Ron「はっ、はっ…」彼女が安全かどうかそれしか頭に浮かばなかった。

あの影が細長い姿をしてRonの周りに現れた。Shade「彼女を崇拝するやつか〜!俺の読みが当たったな〜」

Ron「彼女を崇拝するやつってどんなやつだ?!!」

Shade「知らねぇよ、でもあいつらずっと彼女をストーカーしてたぜ」

Ron「は?!」

Shade「知らなかったのかよ、はっ。まあ、お前はずっとMabelの事しか見えなかった見たいだしなぁ、くっくっ」

Ron「ちくしょう……!」


Ron「〇〇棟ってこれか?!廃墟で誰も近づかない場所に…!」Ronは外の光が届かない、チカチカと光る蛍光灯の螺旋階段を登って行った。

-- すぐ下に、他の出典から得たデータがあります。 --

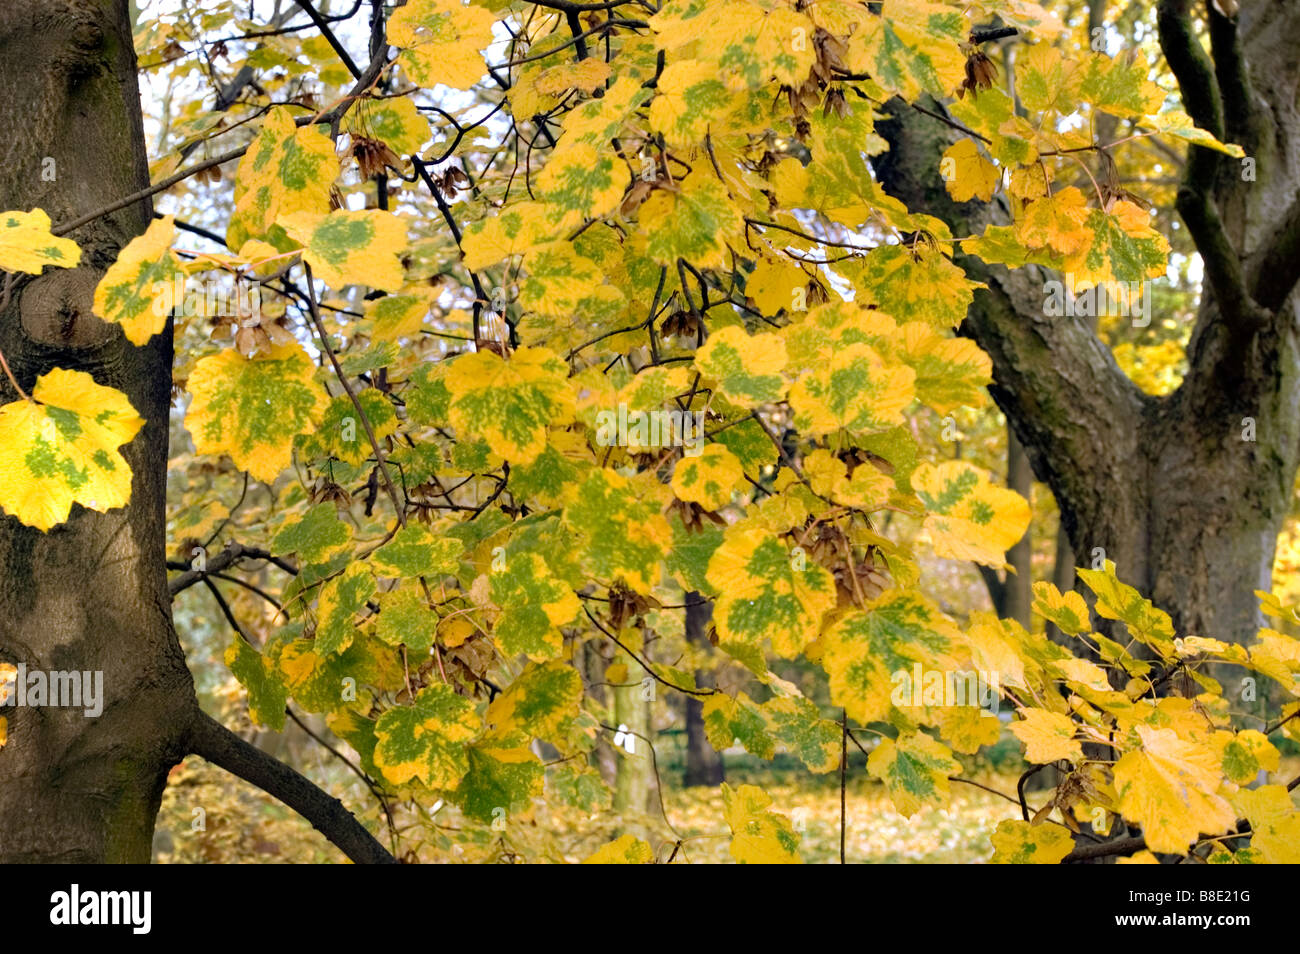 Yellow autumn leaves of Italian maple, Aceraceae, Acer opalus subsp. Obtusatum Stock Photo

Shade「そういえば、お前は暗い場所も嫌いだったなぁ。くっくっく…」

息切れ寸前で屋上にたどり着いた。

誘拐者A「おや、来たようですね。」

誘拐者B「Mabel様を独り占めする悪いやつ!」

誘拐者C「これからMabel様とのとびきりな時間を過ごせる所だったのにぃ!」

Mabelはロープに縛られ、口もテープで塞がれていた。

Ronは人を傷つけるような事は人生で1度たりともしたことが無かった。

だが、この時ばかりは怒りが湧いてきて彼女を助けるために拳を振るった。

誘拐者の1人の頬に彼の振るった拳が当たった。誘拐者B「うっ…、このっ!」Ronは敵の攻撃を全て受け流し、彼らのみぞおちを殴った。

誘拐者B、C「うぐっ…」あっさりと2人を倒した後、最後の一人に立ち向かっていく。誘拐者A「こ、これほど強いとは…、やはりっ…」ナイフを取り出してRonに襲いかかる…!

Mabel「んー!!!」

しかし、ナイフを持っていた手に攻撃を与え、ナイフを落とさせ、うぞおちを殴り気絶させてしまった。

誘拐者A「ぐぅ…」

RonはMabelに近づき、テープを剥がしロープも解いた。

Mabel「…Ron、ありがとう」

Ron「…遅れてごめん…」

Ronは少し寂しそうな顔をして、Ron「…帰ろうか」

差し出された手を取り、少し心配した顔でMabelは、Mabel「うん」と返事をした。


2人がビルの階段を降りていく途中、蛍光灯の電池が切れ当たりが見えなくなった。

Mabel「きゃっ!」

真っ暗な場所はRonの過去を思い出させ、その途端大きな影がRonを襲った。Shadeは今までよりも大きな影で、まるで大きなおどろおどろしい怪物のような姿で現れた。

Ronの心拍数が急激に上がって、冷や汗が出てきた。

Shade「お前は世界で1番弱い!!俺に全てのまれてしまえ!!!Ron!!!」

Ron「うわぁぁぁぁあああ!!!!」

Ronよりも大きな影が彼を襲った…!!!

Ronの叫び声にMabelはびっくりしたが、彼女はとっさにRonを抱き締めた。

Mabel「Ron大丈夫よ、もう少し下に降りていけば外に行けるわ」

Ron「…はっ…はっ」

Shade「ヒッヒッヒ!!ヒャハハ!」

Mabel「…Ron、さっきあなたが私を助けてくれたこと。とても嬉しかったわ。そして、あなたが来てくれて本当に安心したの。ありがとう」

Ron「Mabel…」

Mabel「あなたは強いわ、私は知ってるもの。」

Shade「…お前は邪魔だ!!Mabel!!!!」

ShadeがMabelに襲いかかろうとした瞬

Shade「は?動かない…!…なぜ!」

Ronは大きく深呼吸して、Ron「もう、偽りの声も闇も必要ない。自分に必要なのは真実と光だ…。」

その言葉と共にShadeの体はひび割れ、音もなく散っていった。

彼女は微笑み、Mabel「あなたは私のHeroよ」

Ronは彼女を抱き締めた。


外を出るとオレンジ色の夕焼けが2人を照らした。


家に帰りRonは母に今日の出来事を話した。

すると母はRonに言った。母「あなたの名前はただのRonではなくて、Auron…光に満たされたRon…真実の道を歩いていく。そんな意味を込めて名付けたのよ。」 「いつもニックネームで呼んでたのだけれど、今度からAuronと言った方がいいかしら?」

Auron「うん、そうして欲しい。」凛々しい笑顔で母に微笑みかけた。